I can summarize the following solutions, and maybe there are other solutions:
a) Fix the bug yourself
b) Use other storage mechanisms to resolve records to bypass
c) Self parsing hosts

a) would be very hard for someone unfamiliar with the PowerDNS codebase. You can try.
b) Not possible (edit: I misunderstood - it would be possible to use zone files instead of /etc/hosts, but there would be a considerable amount of work to rewrite vyos-hostsd to generate them)
c) the workaround I mentioned above is possible: add a lua-config-file with addNTA for each domain zone in /etc/hosts. This isn't just the domains from system static-host-mapping, but DHCP hostfile-update too. It would probably be done in vyos-hostsd, as well as conf-mode/host-name.py. I don't have time to implement it now, however you're welcome if you wish to take it on.

@jjakob I'm sorry, but I think you may have misunderstood me. I just summarized the problems that can be solved at present. Of course, this patch can finally be submitted to PDNS. Relatively speaking, the current solution to the problem may be the first priority, and there are only two main ways to solve the problem, either to solve it or to bypass it.

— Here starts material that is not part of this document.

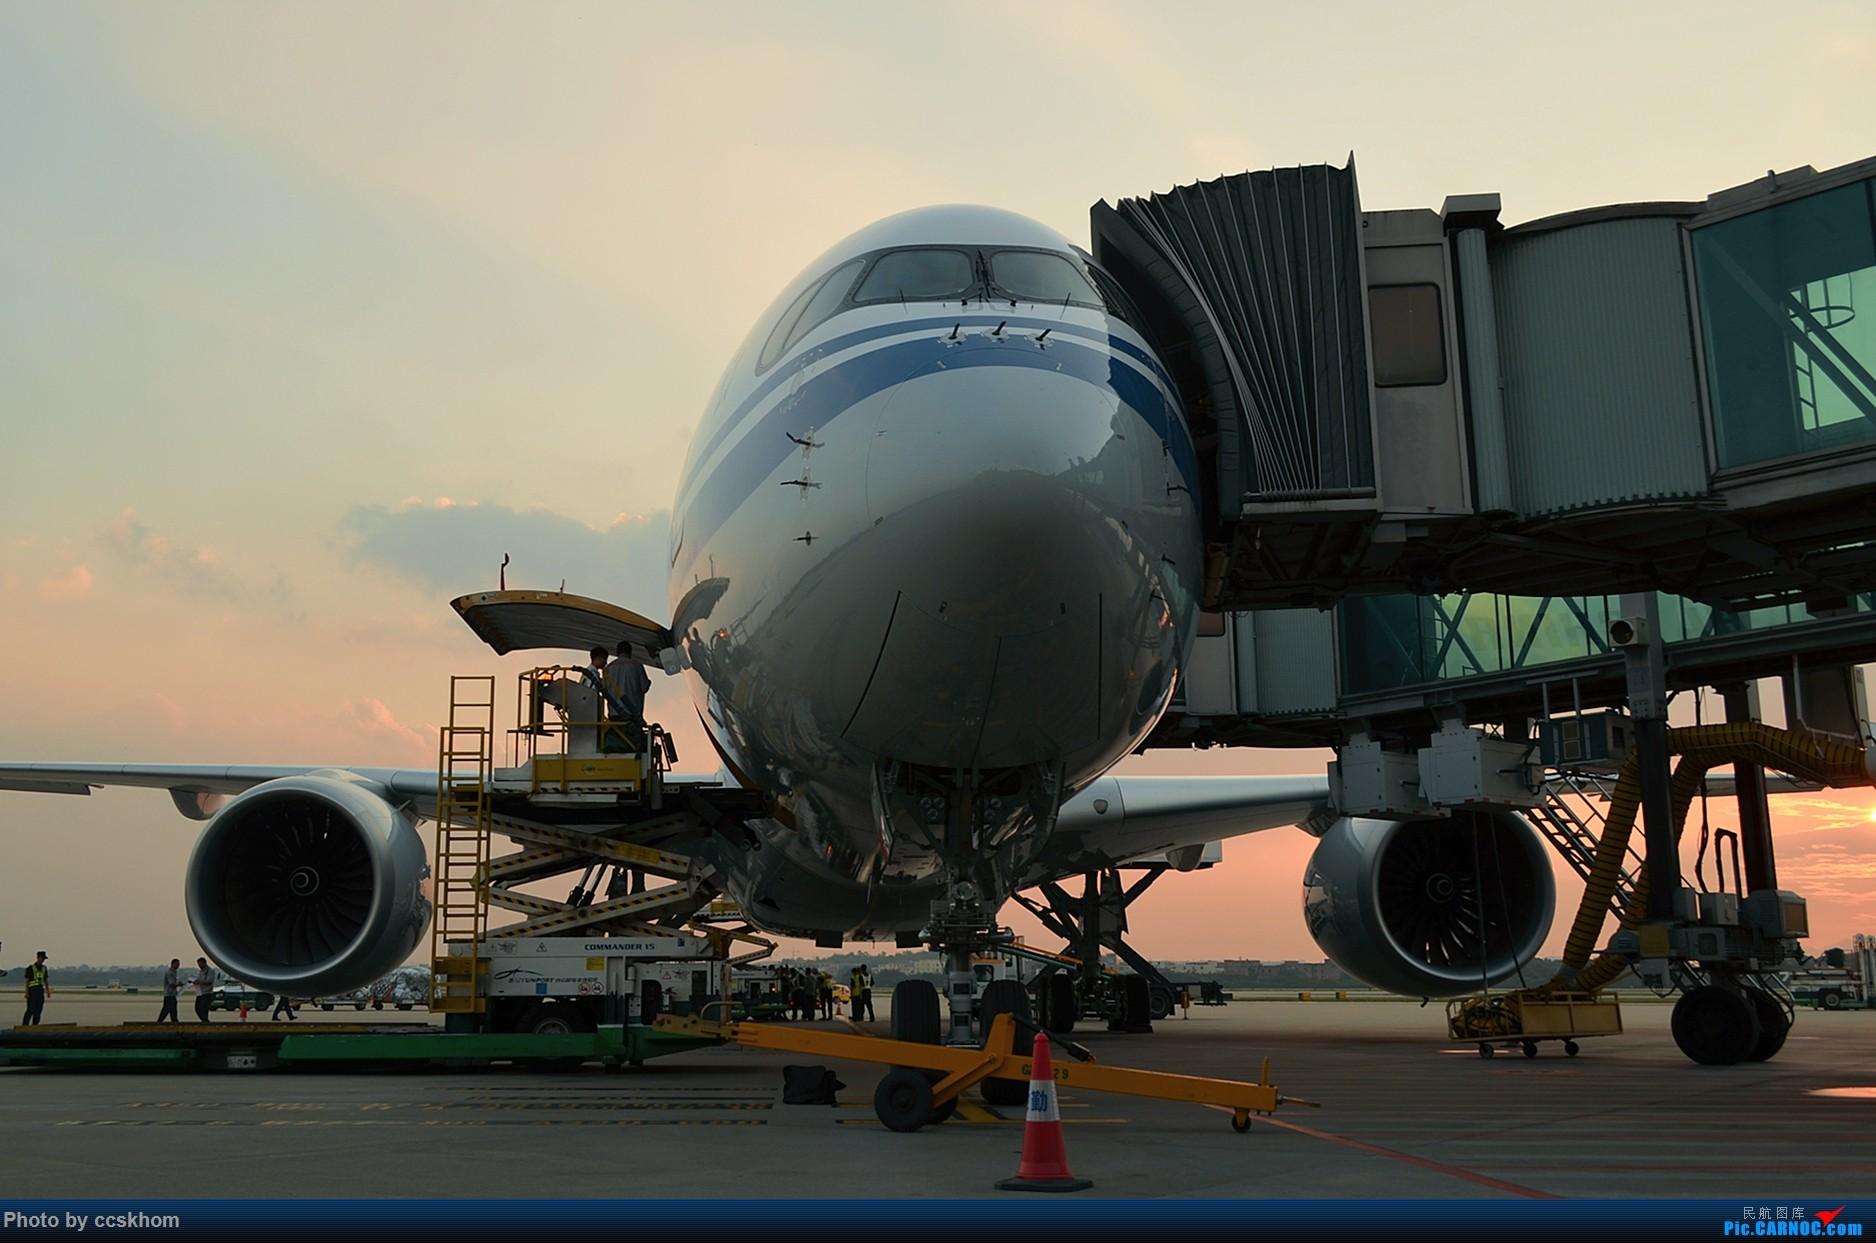 Re:[原创]在机坪接国航A350的广州首航 AIRBUS A350-900 B-1085 中国广州白云国际机场

vyos@vyos:~$ dpkg -l | grep pdns
ii  pdns-recursor                    4.2.1-1pdns.buster                  amd64        PowerDNS Recursor

the latest release of PowerDNS Recursor 4.3.0

Although I wanted to try it out, it seems the best way is to try to upgrade to the latest stable version. From the perspective of version management, the higher version often fixes some existing bugs, while the stable version ensures sufficient testing to avoid 0days.

c-po added a subscriber: c-po.Thu, May 21, 12:28 PM

Latest rolling runs PowerDNS recursor 4.3 T2470

In T2486#64335, @jjakob wrote:

Also, this is reproducible with pdns-recursor from upstream master (4.4.0) so upgrading won't help.

jjakob changed the task status from Open to In progress.Fri, May 22, 2:41 PM
jjakob claimed this task.
jjakob moved this task from Need Triage to In Progress on the VyOS 1.3 Equuleus board.

Upstream says this is normal behavior when DNSSEC is enabled, so the workaround that I'm working on (addNTA) is actually the proper fix.